An experiment by a Yale research team suggests those who do not seem to know when to stop drinking may have someone besides themselves to blame — their parents. The research holds more than excuses, however, and may provide a key to reducing incidences of alcoholism.

Using a chemical that induces effects similar to those of alcohol, psychiatry professor Dr. Ismene Petrakis, along with a team of scientists, showed that people with a family history of alcoholism tend to have a receptor that is less sensitive to alcohol than that of people with no familial history. A low sensitivity to alcohol could cause people to drink more, putting them at higher risk of addiction.

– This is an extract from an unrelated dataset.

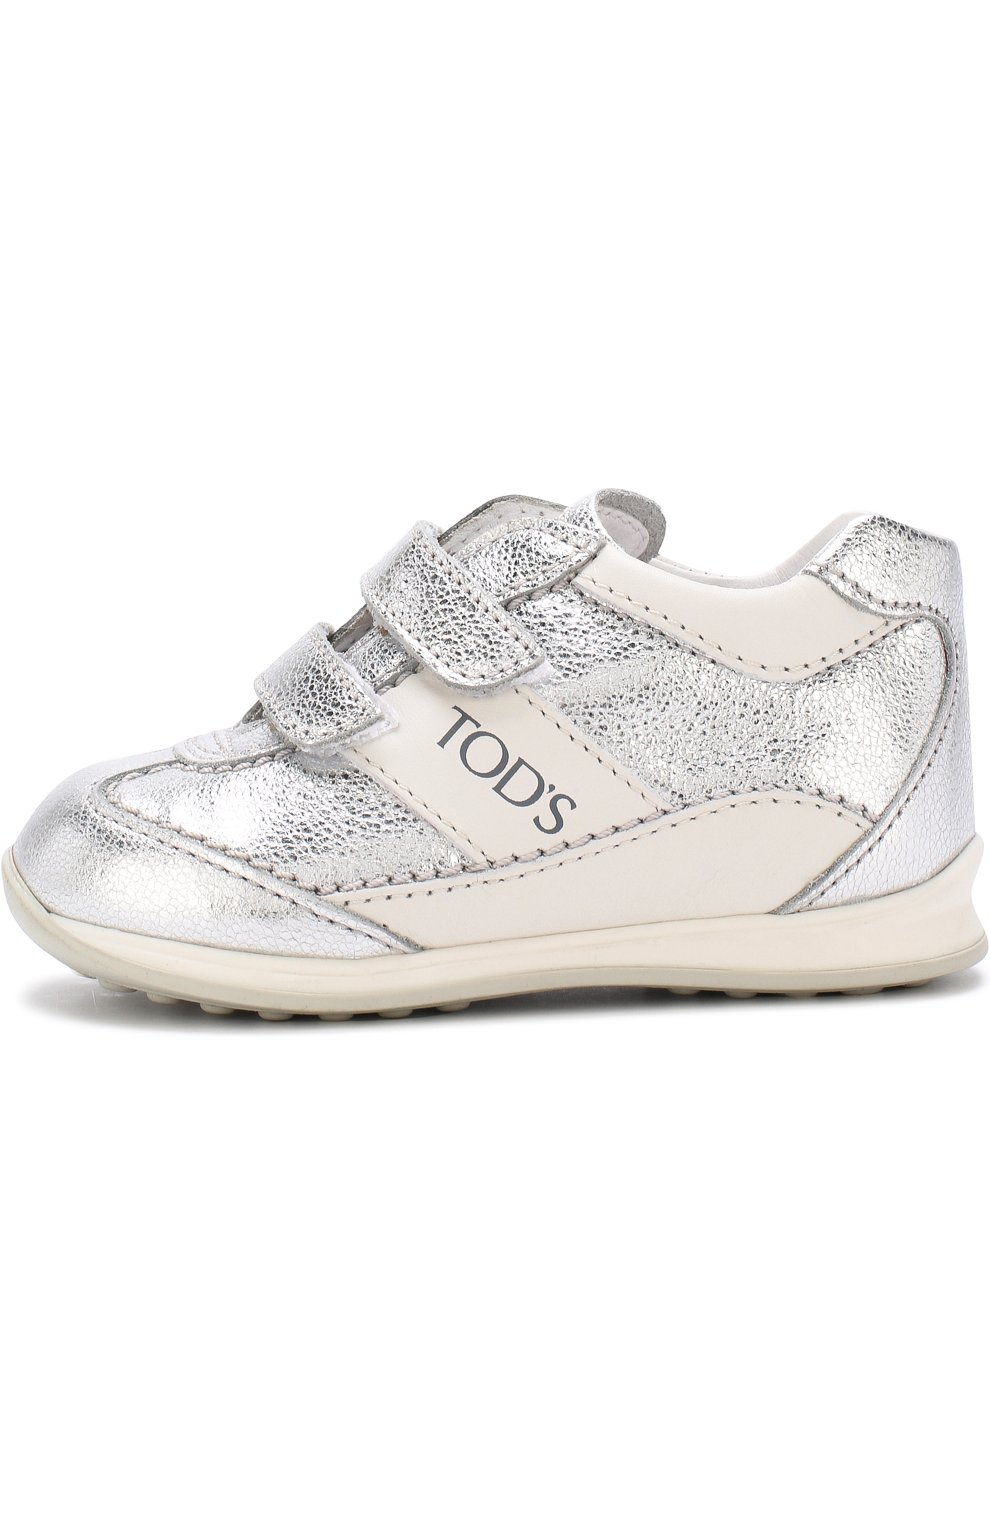 Кроссовки из металлизированной кожи с застежками велькро | Фото №2

In the study, ketamine — an anesthetic — or placebos were administered to two groups of participants, one of which was composed of subjects with a family history of alcoholism. All of the participants were healthy non-alcoholics. The researchers observed a lower sensitivity to ketamine’s intoxicating effects in the participants with a familial history of alcoholism.

Ketamine targets a brain receptor that also binds with alcohol. The study provided evidence that people with a familial history of alcoholism may be less sensitive to alcohol’s effects. Such a person’s inability to recognize the warning signs of intoxication could promote heavy drinking, leading to addiction.

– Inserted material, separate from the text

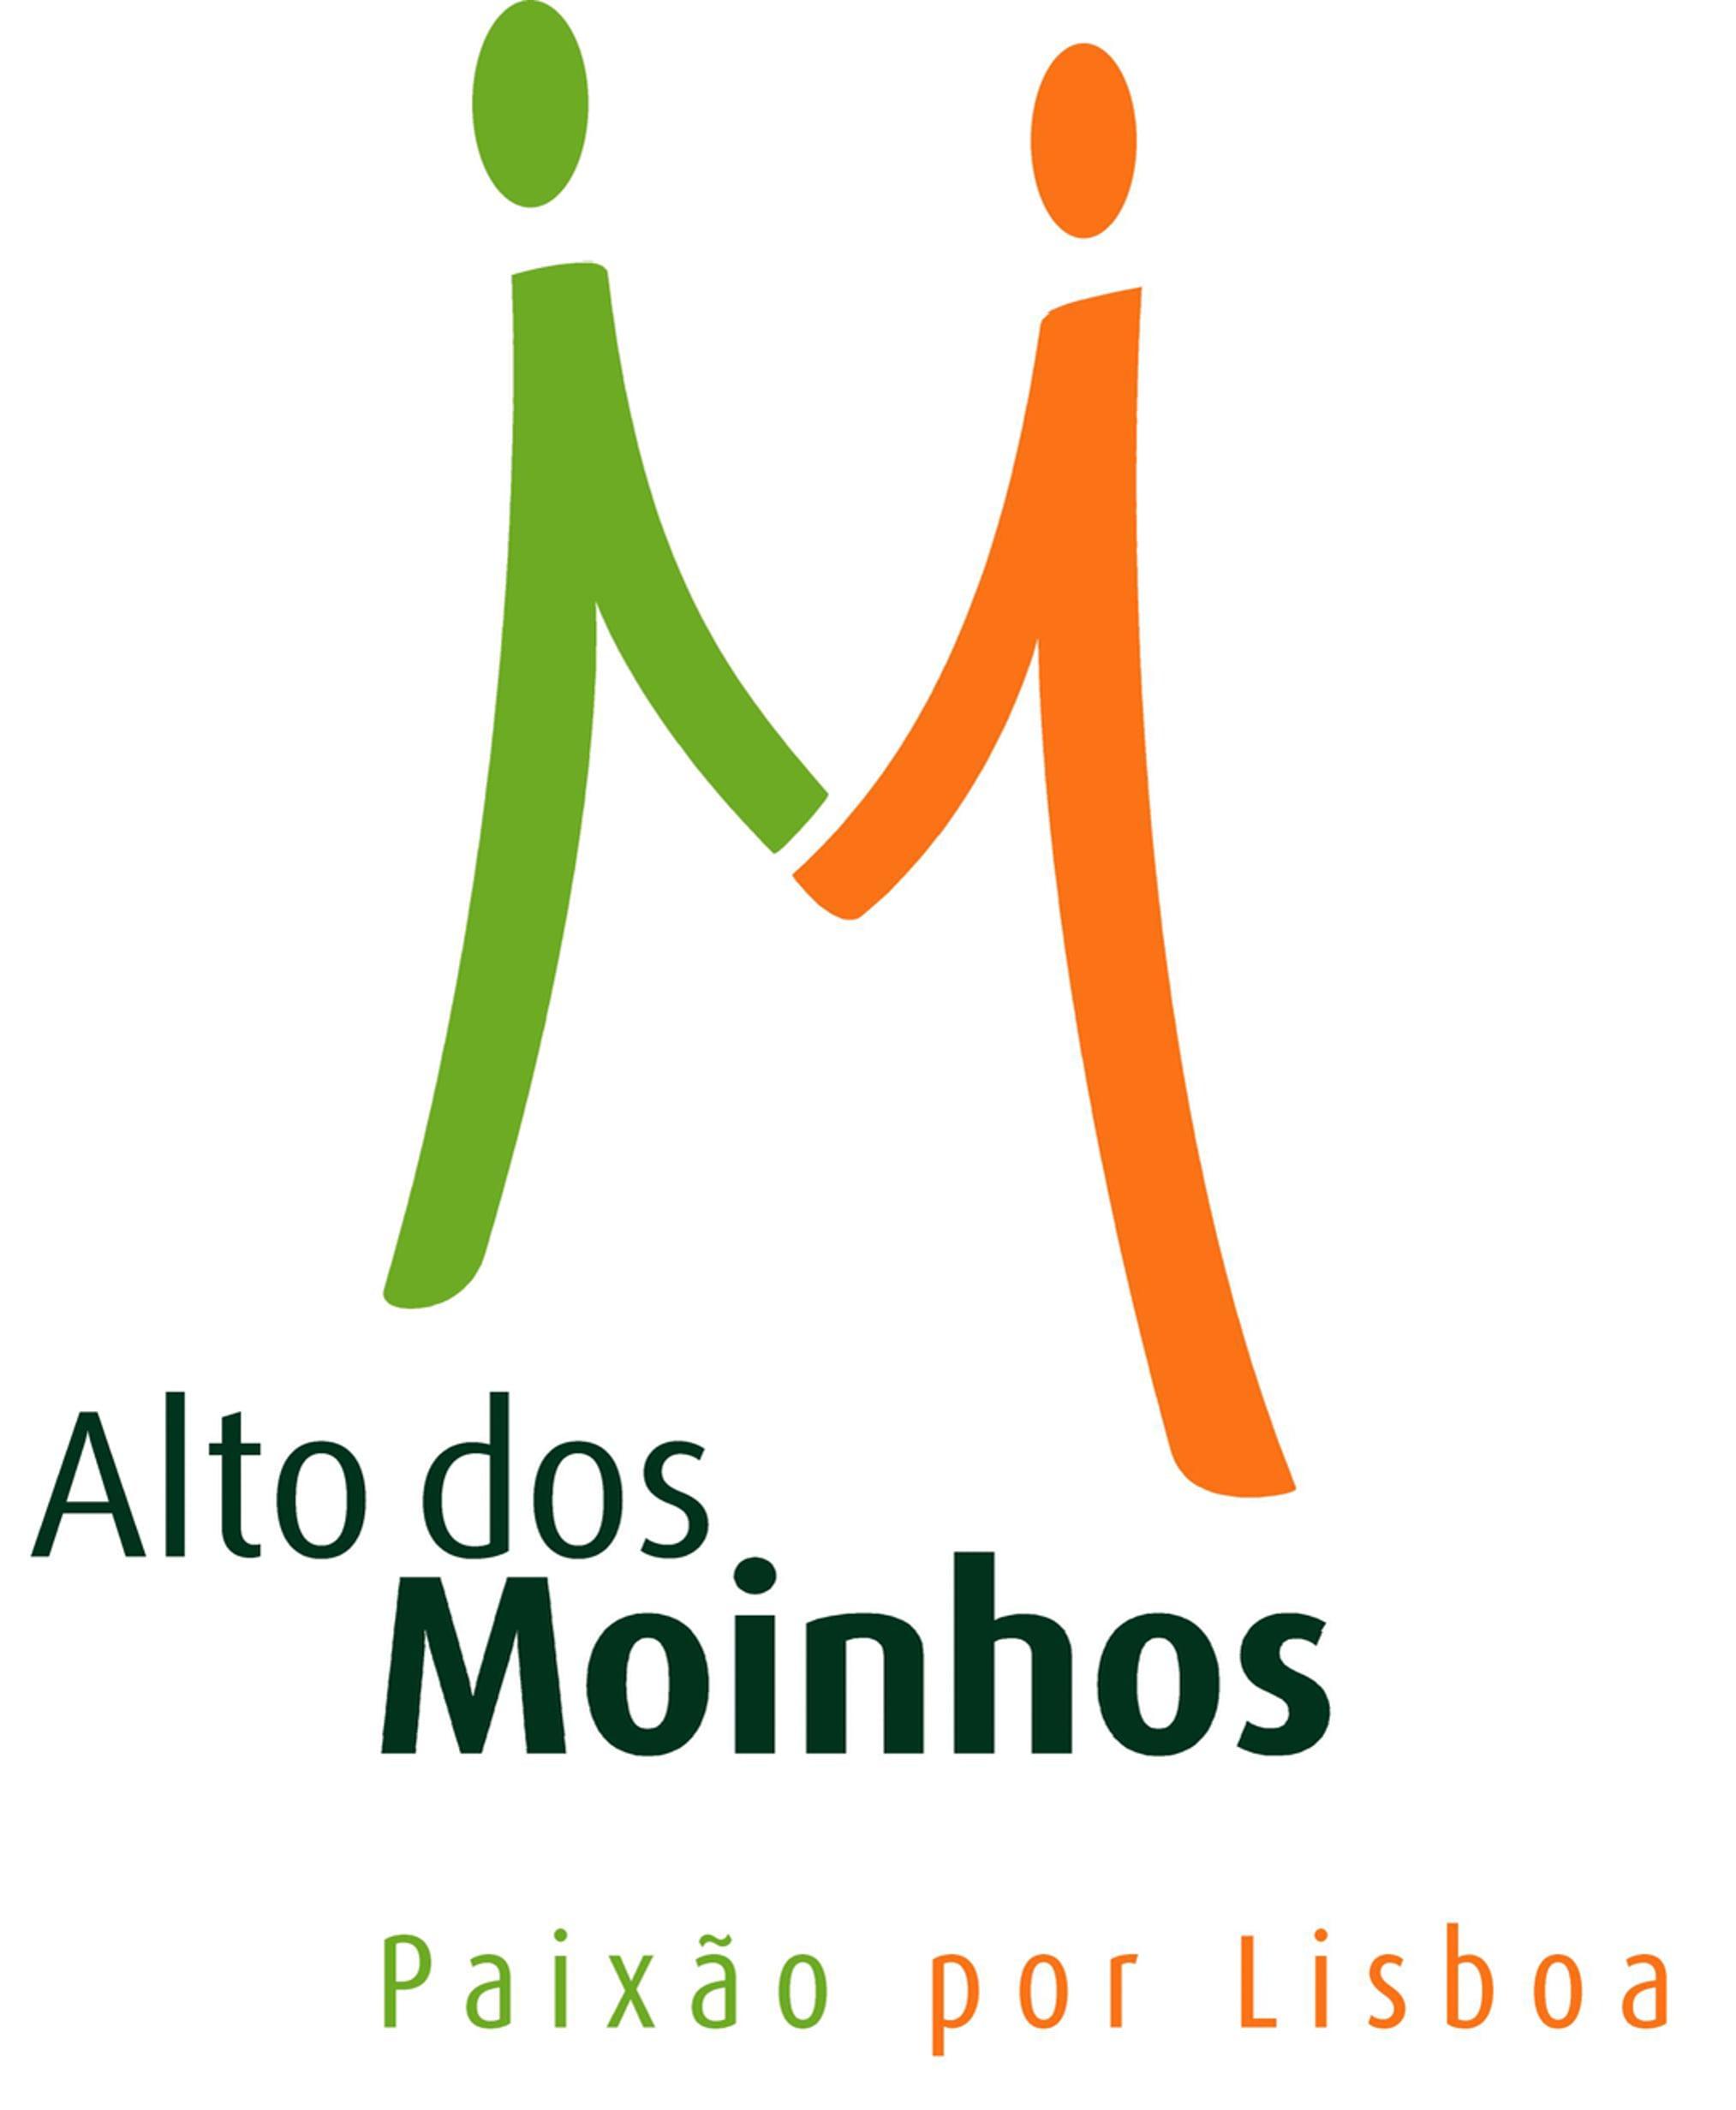 ALTO DOS MOINHOS

The experiment’s results imply there is a physiological difference between the receptors of those with and without familial alcoholism.

“Our research has focused on teasing out what the mechanism that underlies some of these differences might be,” said Petrakis.

Previous experiments had suggested that alcohol-dependent patients had altered receptor density or function, and the new research provides strong evidence that the cause of such alteration is genetic.

The team plans to conduct another experiment to confirm its results. It will use molecular analysis and psychiatry to investigate candidate genes that may affect the receptor, said Dr. John Krystal MED ’84, who leads the Center for the Translational Neuroscience of Alcoholism.

“We are all working together at different levels to try to understand, in a more specific way, and in hopefully a more deep way, how particular genes produce a risk for alcoholism,” he said.

The research could lead to better treatments for alcoholism. Valium, a common treatment for alcohol withdrawal, targets a family of receptors, including receptors that are responsible for the drug’s harmful side effects. A more specific medication targeting only the necessary receptors would be more effective, Krystal said.

Not all members of the scientific community agree with Petrakis’ conclusions. Dr. Phil Brewer, a professor of emergency medicine at Yale, said he believes that the focus of alcoholism research should be on the environment rather than the individual. Environmental factors include low taxes on alcohol and the promotion of alcohol abuse as a social norm.

“I don’t feel that there is a whole lot to be gained by studies showing the genetic basis for alcoholism,” Brewer said. “The most effective, though neglected, approach is the environmental approach.”

Brewer is the former medical director of South Central Rehabilitation Center, which focused on alcohol victims.

Medicine aside, the receptor research also has philosophical ramifications for the way the public views the issue, Petrakis said.

“There’s still some stigma for alcoholics that somehow being alcoholic is a matter of will,” she said. “This and other studies show that there are other factors at work in the development of alcoholism.”